The problem is that state and federal education officials are treating our children like numbers.
Our children should take tests written by their teachers, covering what was taught in class. Our children do not need a distant state bureaucratic Gestapo educational department, but a caring concerned teacher.
Newsday needs to seriously investigate the state Education Department and the politics within. Each school district needs a staff to work to educate children, not some political authority sitting at a desk in Albany. We want our children educated by teachers who they can see, talk with and interact with.
The tragedy of Glen Cove’s cheating scandal is that great people were forced into a scandal of the bureaucratic state. Nobody took a payout, or was promised a promotion–there was no exchange.

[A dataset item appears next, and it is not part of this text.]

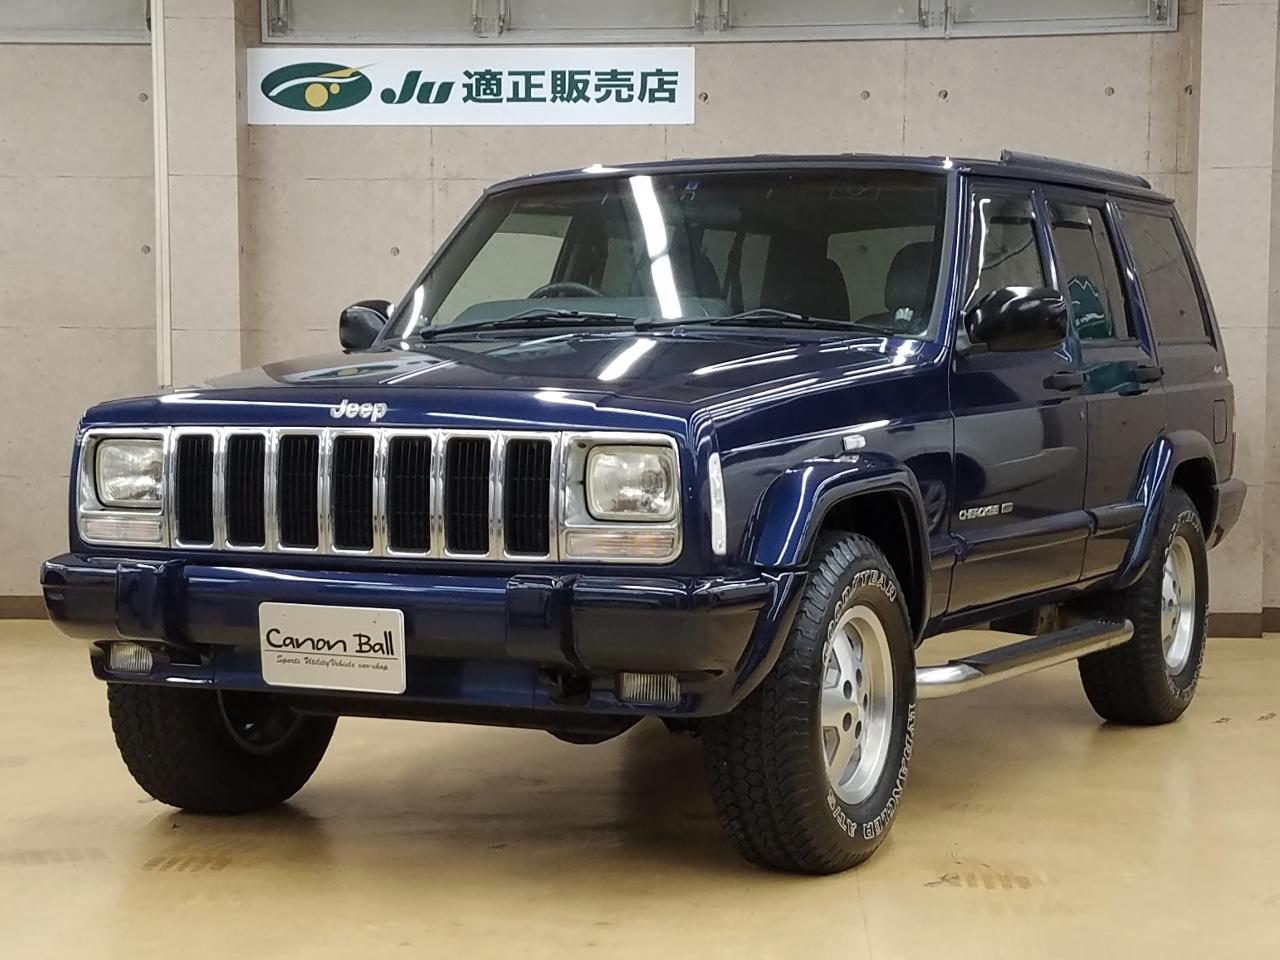 LTD 黒本革シート&ウッドインテリア ビルトイン式SDナビ&地デジフルセグTV&Bluetooth一体機 XJ型Jeep最終モデル のイメージ画像です

But, as the economist Milton Friedman observed, “bad laws (in this case, a one-size-fits-all testing standard) make socially advantageous acts illegal, and therefore, leads to an undermining of morality in general.” This pattern is not avoided by politicians’ promises of stricter enforcement or new ethical standards–it is made worse. It is systemic to the bureaucracy such as it is at the VA hospital system, which has also been plagued with scandal.
An optimal education system would be one where families are free to choose where to send their children to school and educators are not subject to the dictates of what Reagan (and Berger) called “a little intellectual elite in a faraway capital”.